/host-info

Shell script to get various info about a server

Primary LanguageShellBSD 2-Clause "Simplified" LicenseBSD-2-Clause

host-info.sh

About the script

A bash-script for macOS, Linux and Windows (with WSL) to get various info about a given machine on the internet:

  • Geographic location of the device (country and city)
  • IP-address and reverse lookup (i.e. the DNS name that the IP address represents)
  • Registrar for the device
  • Ping time for the host (lower is better)

The geographic information is retrieved from ipinfo.io.

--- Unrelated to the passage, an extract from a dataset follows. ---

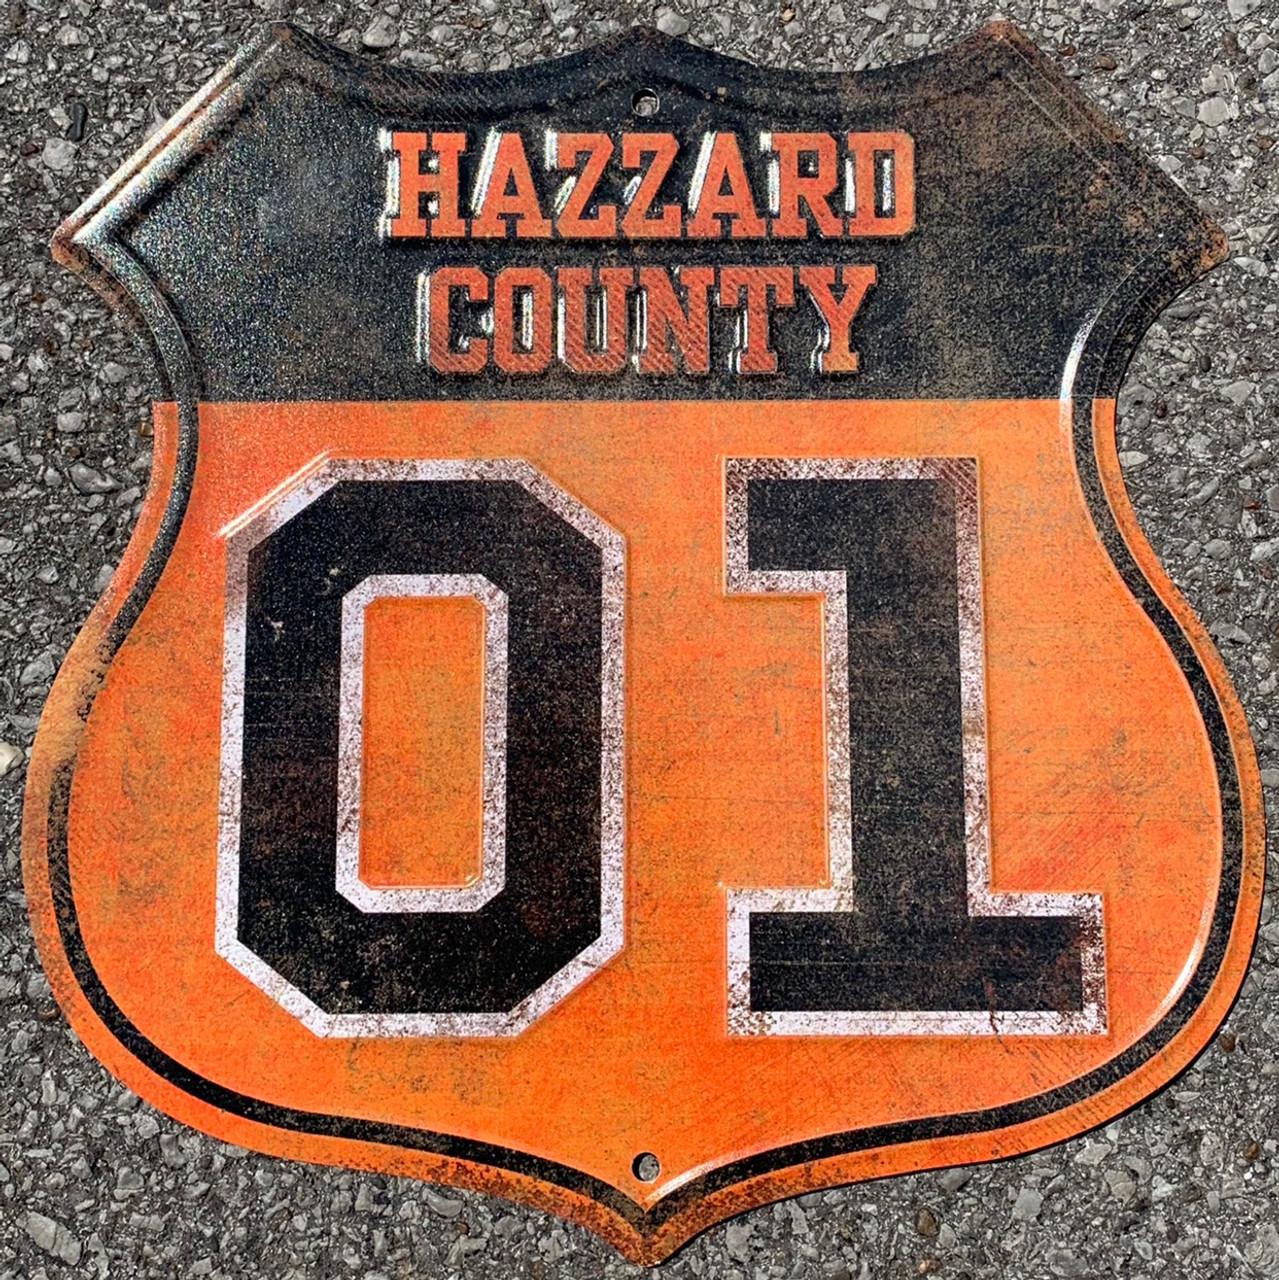 Rustic Hazzard County Road Metal Sign

If the device is given with a http or https address, the following is reported:

  • Certificate info:
    • If it's valid or not
    • What DNS-names the certificate covers
    • Valid dates (from- and to)
    • What version of TLS (Transport Layer Security) is used
    • Who has issued the certificate
  • Server info (not all servers use all fields):
    • HTTP-version
    • What sever (apache, nginxetc.)
    • “Via”, i.e. if a cache has been used
    • “X-Generator”, i.e. CMS or such, for example “Drupal”
    • “X-Powered-By”, i.e. PHP or specialized servers

The certificate information is retrieved using openssl and the server info comes from the HTTP header and is retrieved with curl --head.

Requirements

You must have curl and dig on your system.
In order for the certificate check to work, you must have a fairly modern version of openssl. This excludes OS X / macOS up until version 10.12.

Usage

You will get the most out of it with a URL. Simply copy it from a web browser and paste in the terminal!
You may however also enter just a DNS-name or an IP-address.

  1. URL: host-info.sh https://dns.name:port/path
  2. DNS-name: host-info.sh dns.name
  3. IP-address: host-info.sh ip.number.xx.yy

Since most synchronization software (DropBox, OneDrive, Google Drive, iCloud etc.) uses https as transport mechanism, one can get the servers used through either netstat or lsof:

  • macOS:
    • netstat -an -f inet | grep "ESTABLISHED" | awk '{print $5}' | sort -u | sed -e 's/\./ /4'
    • lsof +c 0 -i 4 -n | grep "ESTABLISHED" | sort -f -k 1,1 | cut -d\( -f1 | awk '{ print $1" "$3" "$9 }' | sed 's/\ [[:digit:]].*-\>/\ /g' | sed 's/:/\ /g' | sort -f | uniq -c
  • Linux:
    • netstat -an | grep "ESTABLISHED" | egrep -v "127.0.0.1|::" | awk '{print $5}' | sort -u | sed -e 's/:/ /'
    • lsof +c 0 -i 4 -n | grep "ESTABLISHED" | sort -f -k 1,1 | cut -d\( -f1 | awk '{ print $1" "$3" "$9 }' | sed 's/\ [[:digit:]].*->/\ /g' | sed 's/:/\ /g' | sort -f | uniq -c

(Note that the lsof output above will also output number of connections, running application and running user. Also note that with lsof you must be running as root in order to see processes other than your own.)

Pro tip!

You can use this to find where your various cloud storage is located. Use the lsof string above and look for connections to couldd, Box Sync, Backup and Sync (Google), Dropbox or OneDrive! There you will get a number of IP-addresses and protocol (hint: they all use https) and you can look them up and know for yourself where they are!